▶ **DATASET ENTRIES**:
== Segment start ==

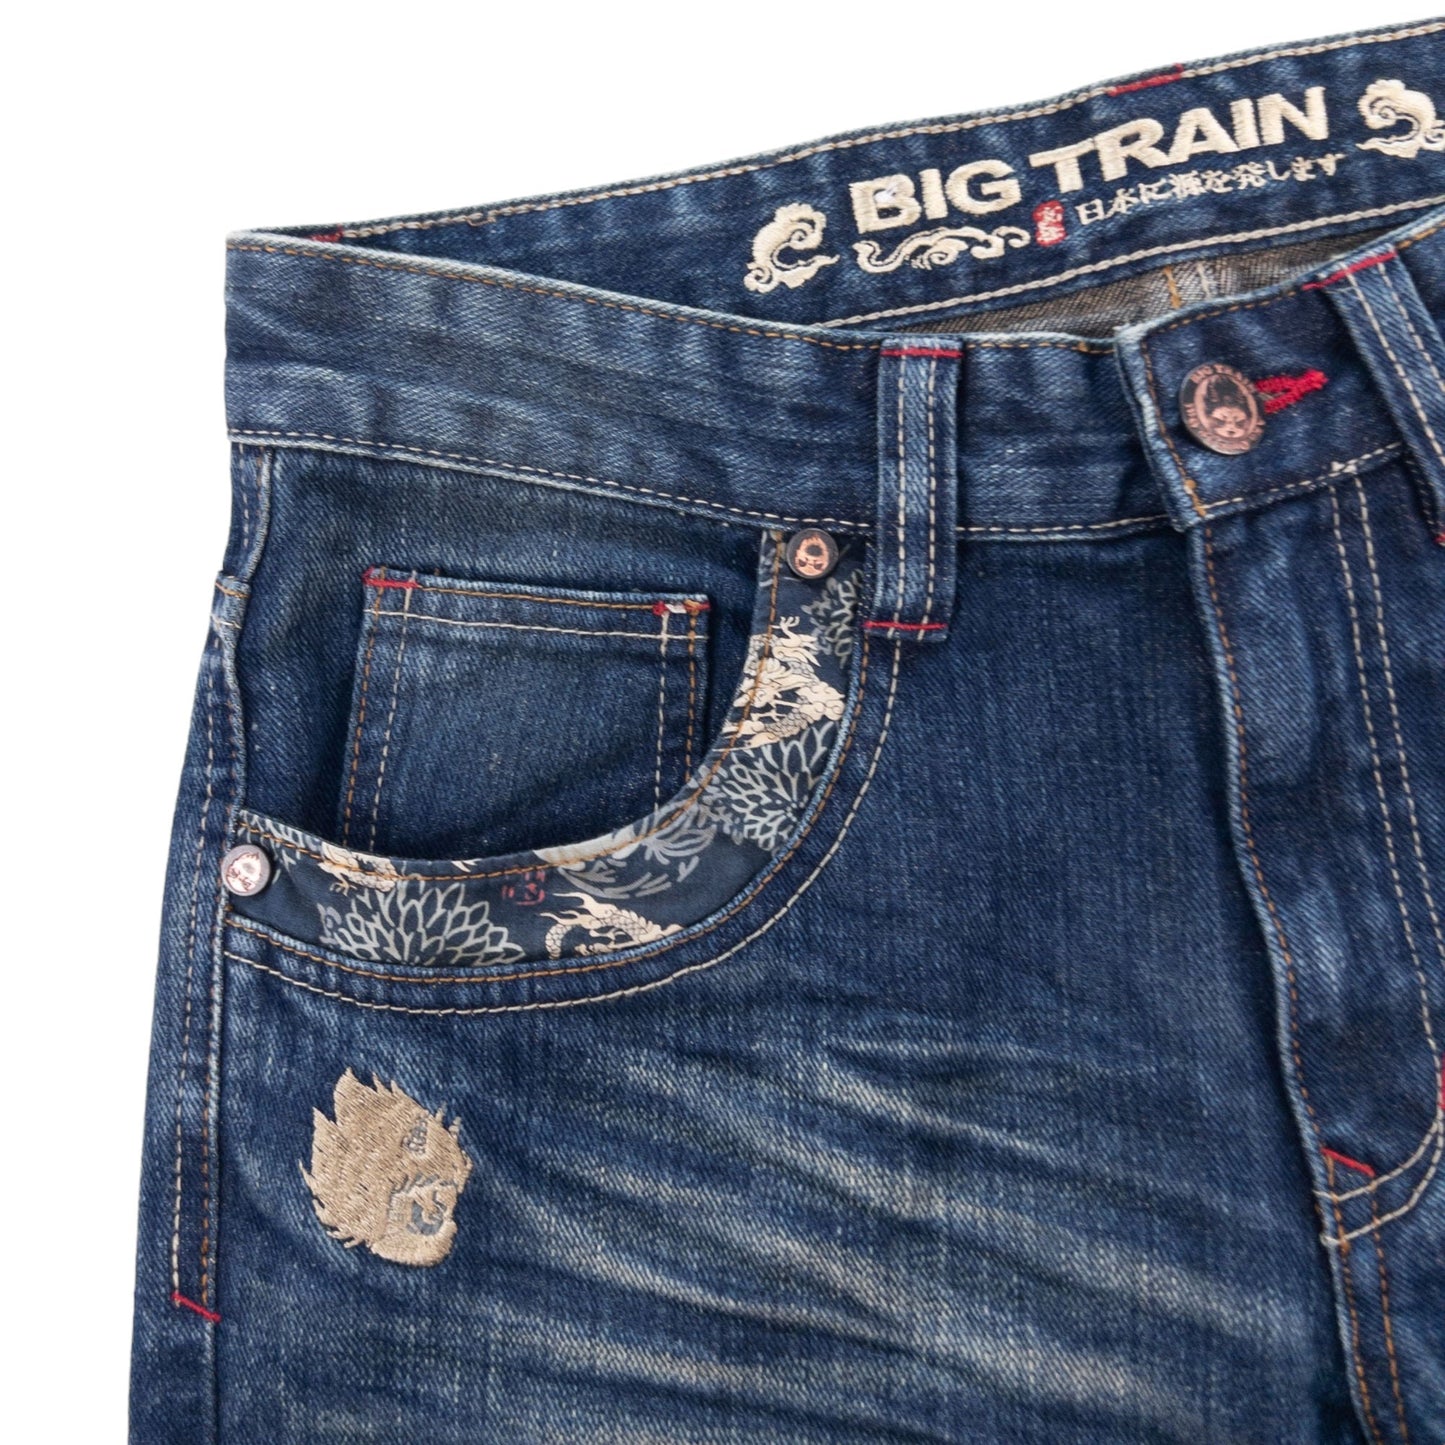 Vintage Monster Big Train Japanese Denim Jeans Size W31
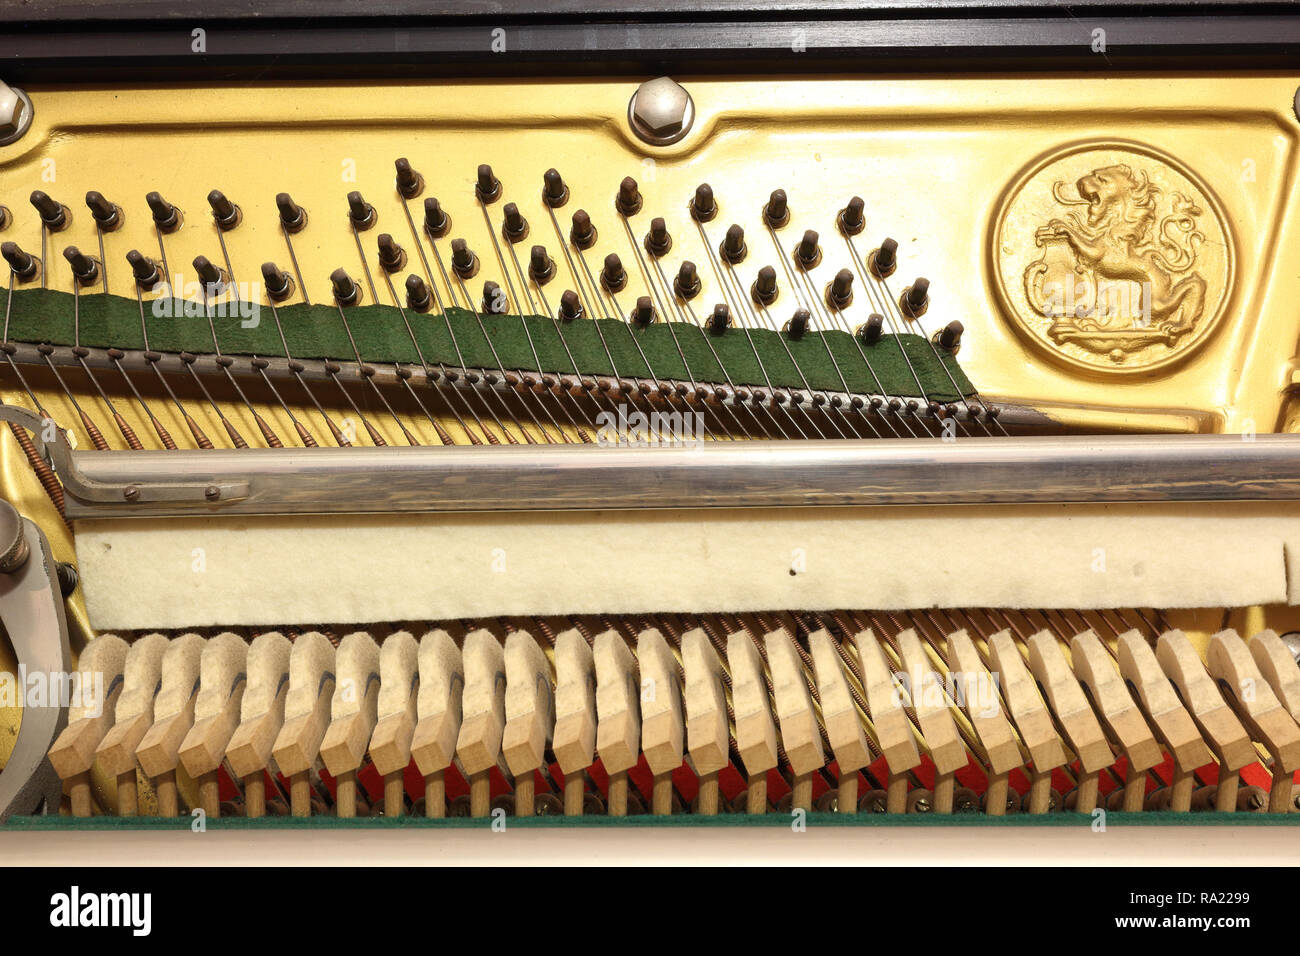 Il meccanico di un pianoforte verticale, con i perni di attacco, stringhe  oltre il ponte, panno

== Segment end ==
== Segment start ==

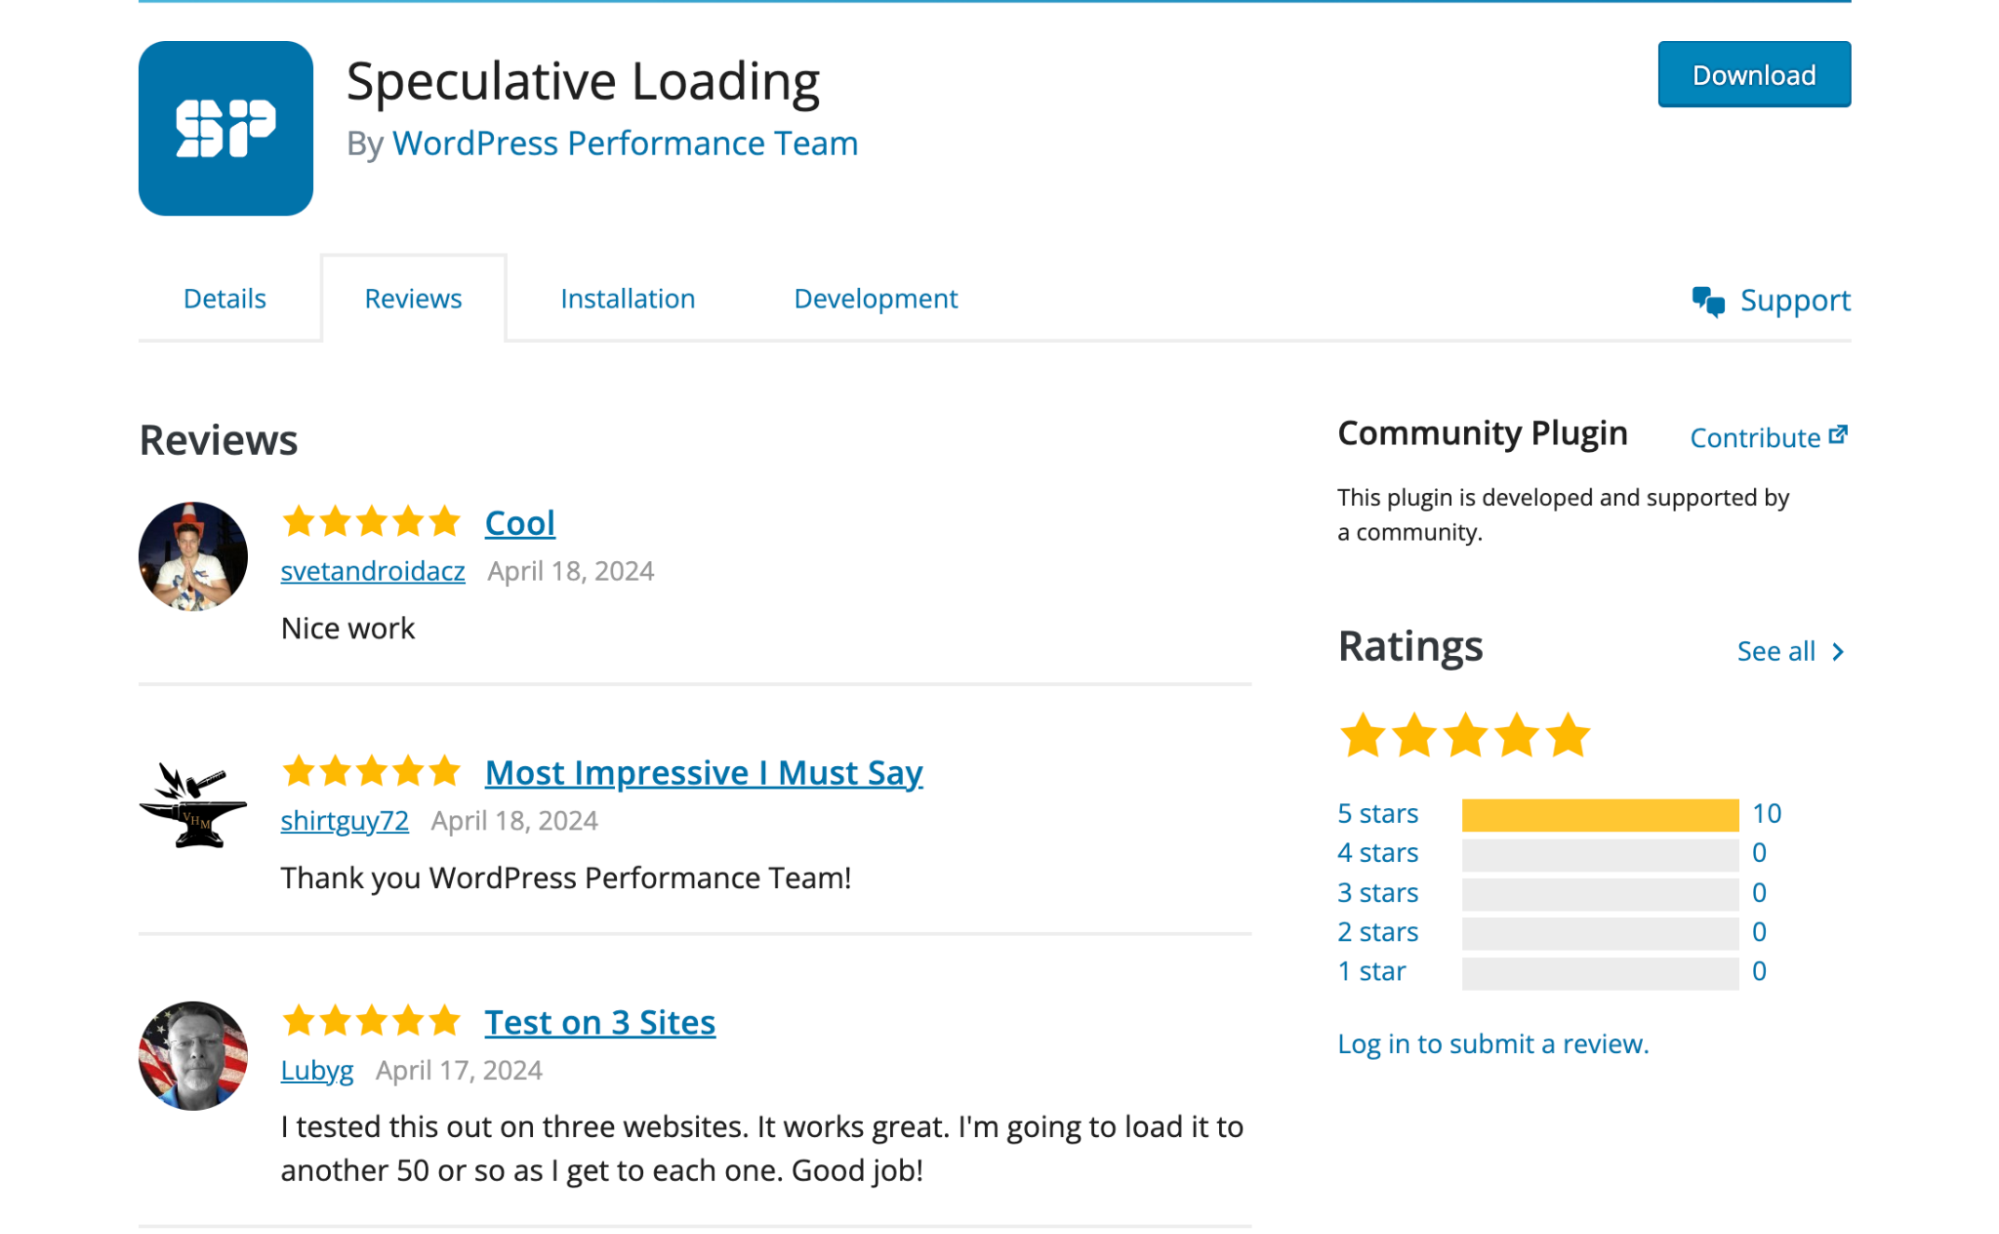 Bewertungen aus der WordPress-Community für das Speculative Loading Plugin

== Segment end ==
== Segment start ==

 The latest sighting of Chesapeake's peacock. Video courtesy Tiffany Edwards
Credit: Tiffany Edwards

== Segment end ==

▶ **WORK REQUEST**:
Starting at the line that contains "The latest sighting" and stopping after the line that contains "Credit: Tiffany Edwards", write out every line exactly as it appears above, and no other line.

▶ **ANSWER FOR THIS EXERCISE**:
 The latest sighting of Chesapeake's peacock. Video courtesy Tiffany Edwards
Credit: Tiffany Edwards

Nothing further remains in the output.